(Given data Opens)

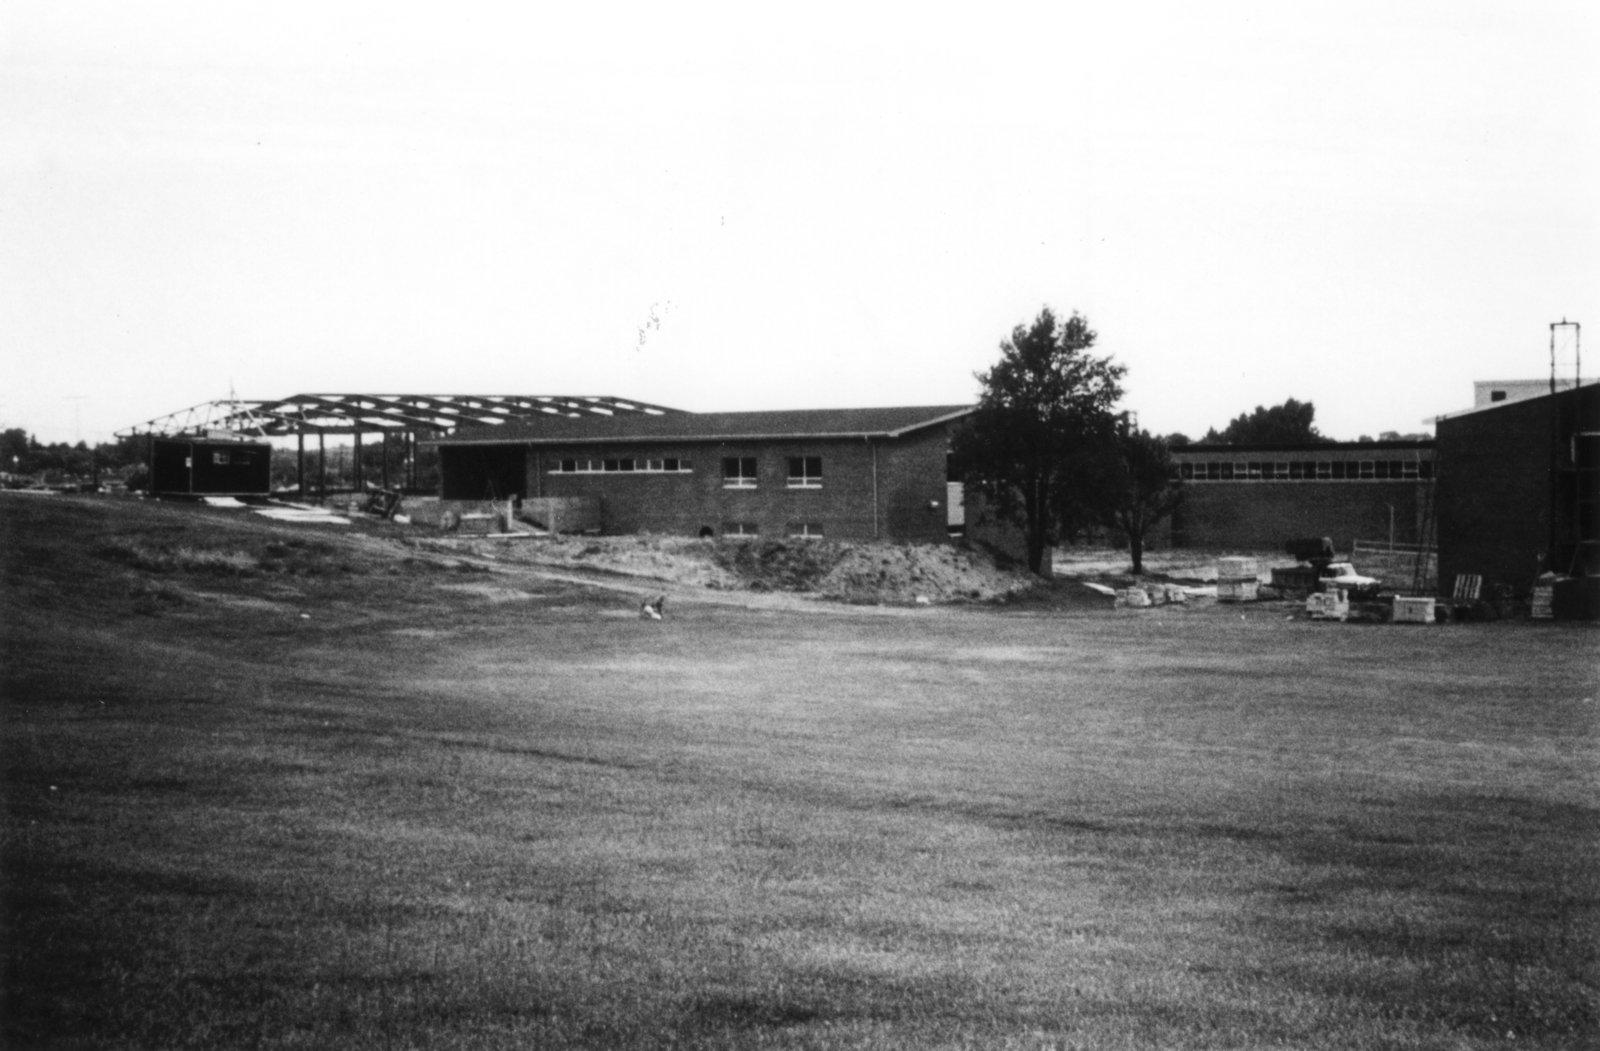 Original Student Union Building, Waterloo Lutheran University
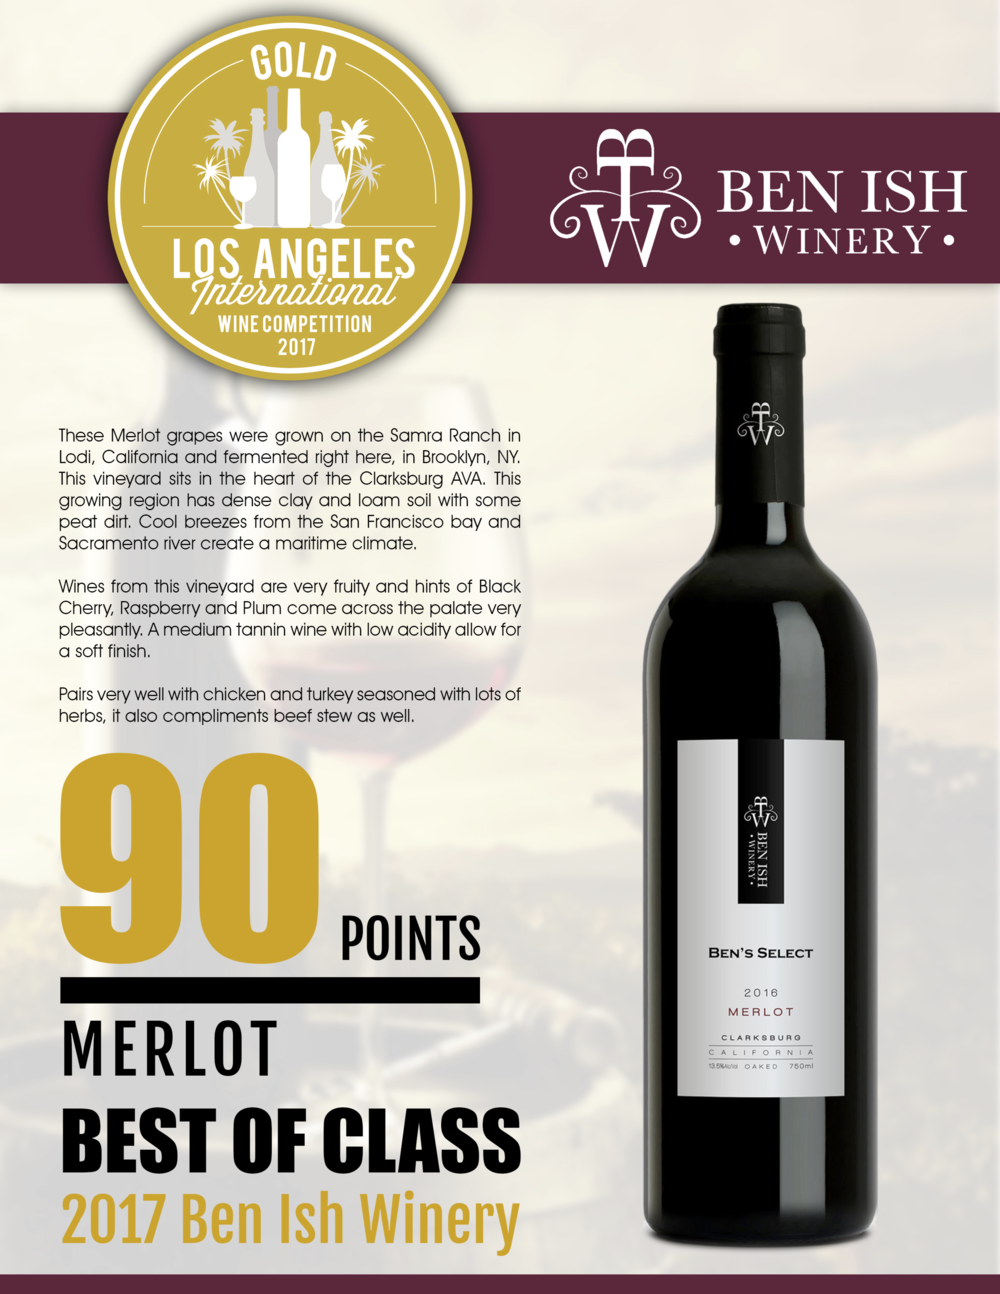 Los Angeles International Wine Competition - 2017 - GOLD medal -2016 Merlot
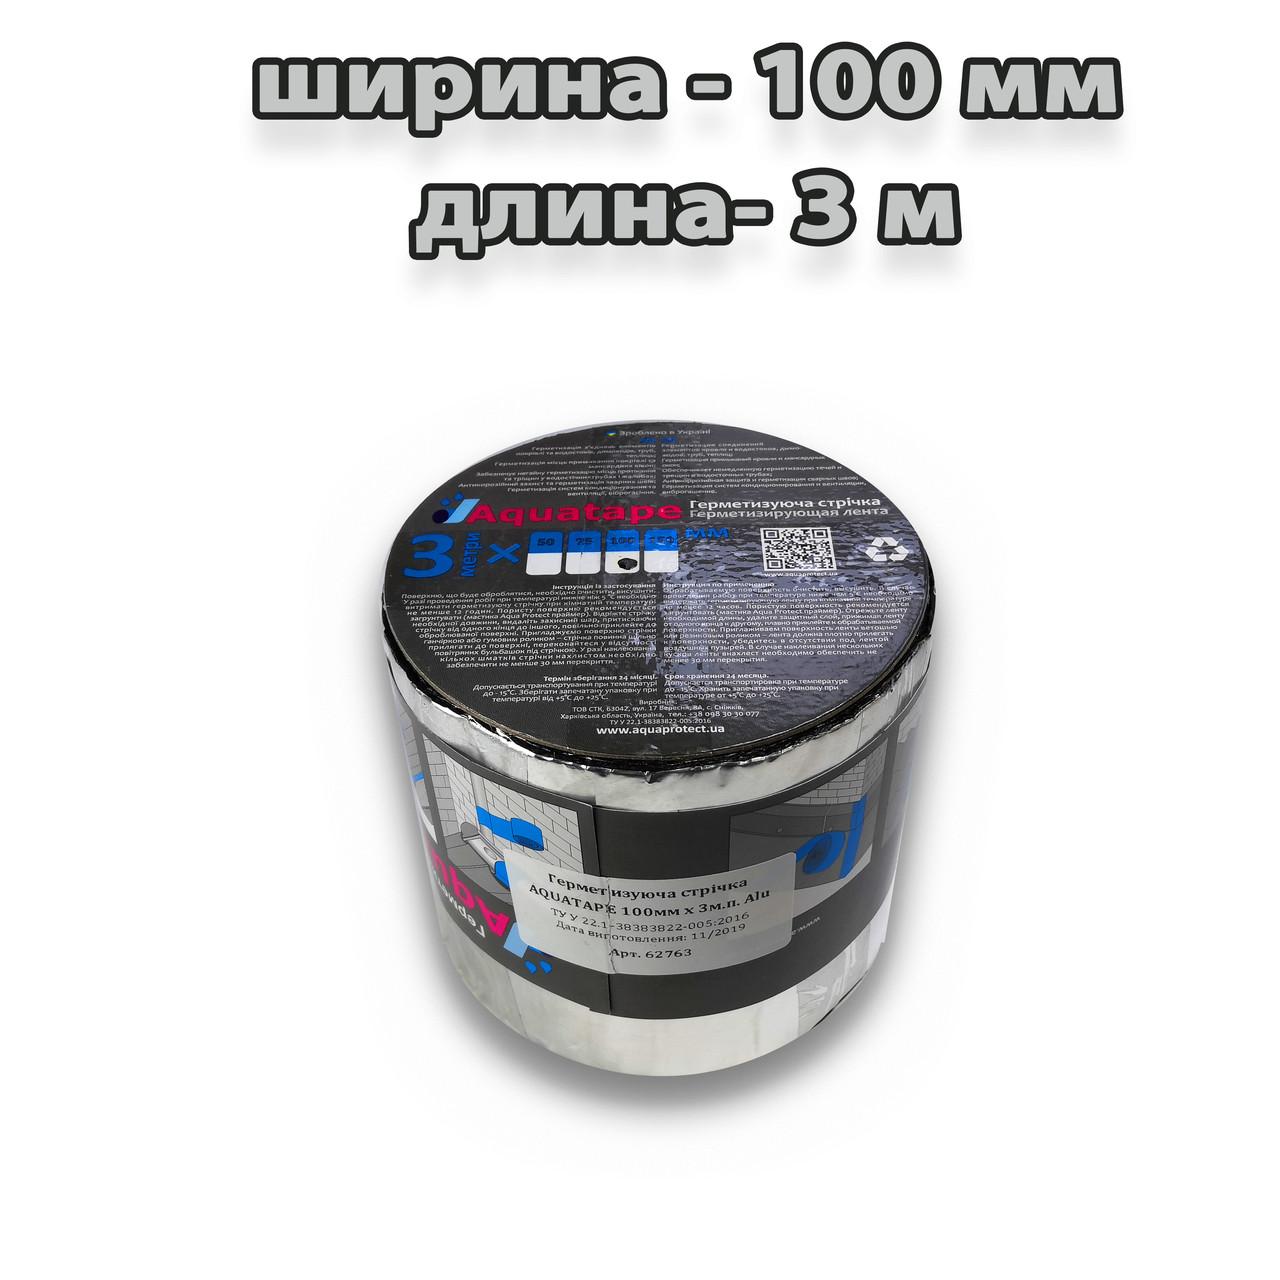 Битумная Лента 100 мм х 3 м ALU+
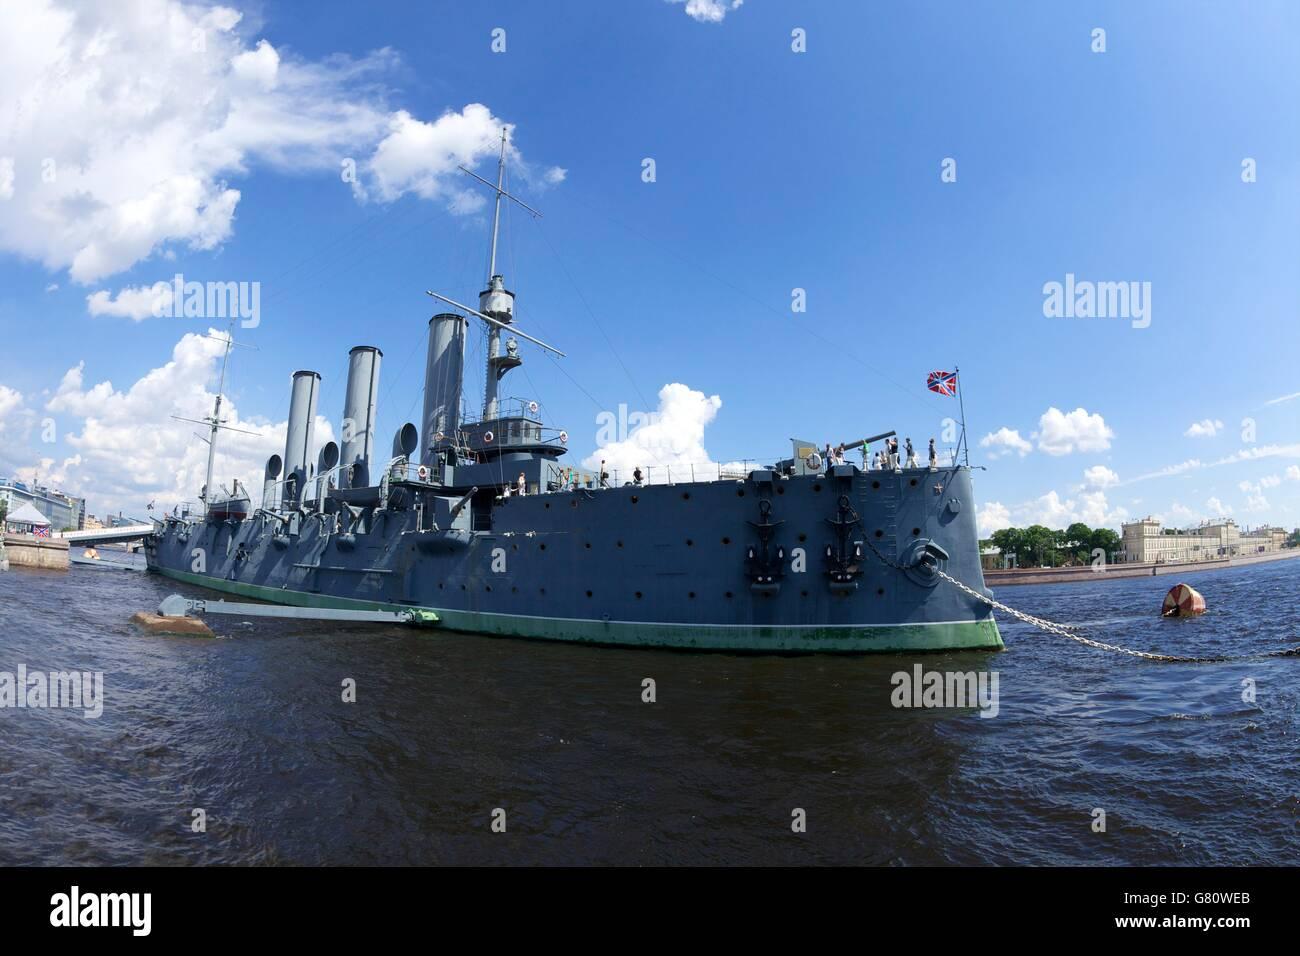 Aurora Cruiser on River Neva, Naval Academy, St Petersburg, Russia - Stock Image

(Given data Closes)

__Task to complete__
Retype the data word for word, please, and keep the images out.

__Result of this exercise__
 Original Student Union Building, Waterloo Lutheran University
 Los Angeles International Wine Competition - 2017 - GOLD medal -2016 Merlot
 Битумная Лента 100 мм х 3 м ALU+
 Aurora Cruiser on River Neva, Naval Academy, St Petersburg, Russia - Stock Image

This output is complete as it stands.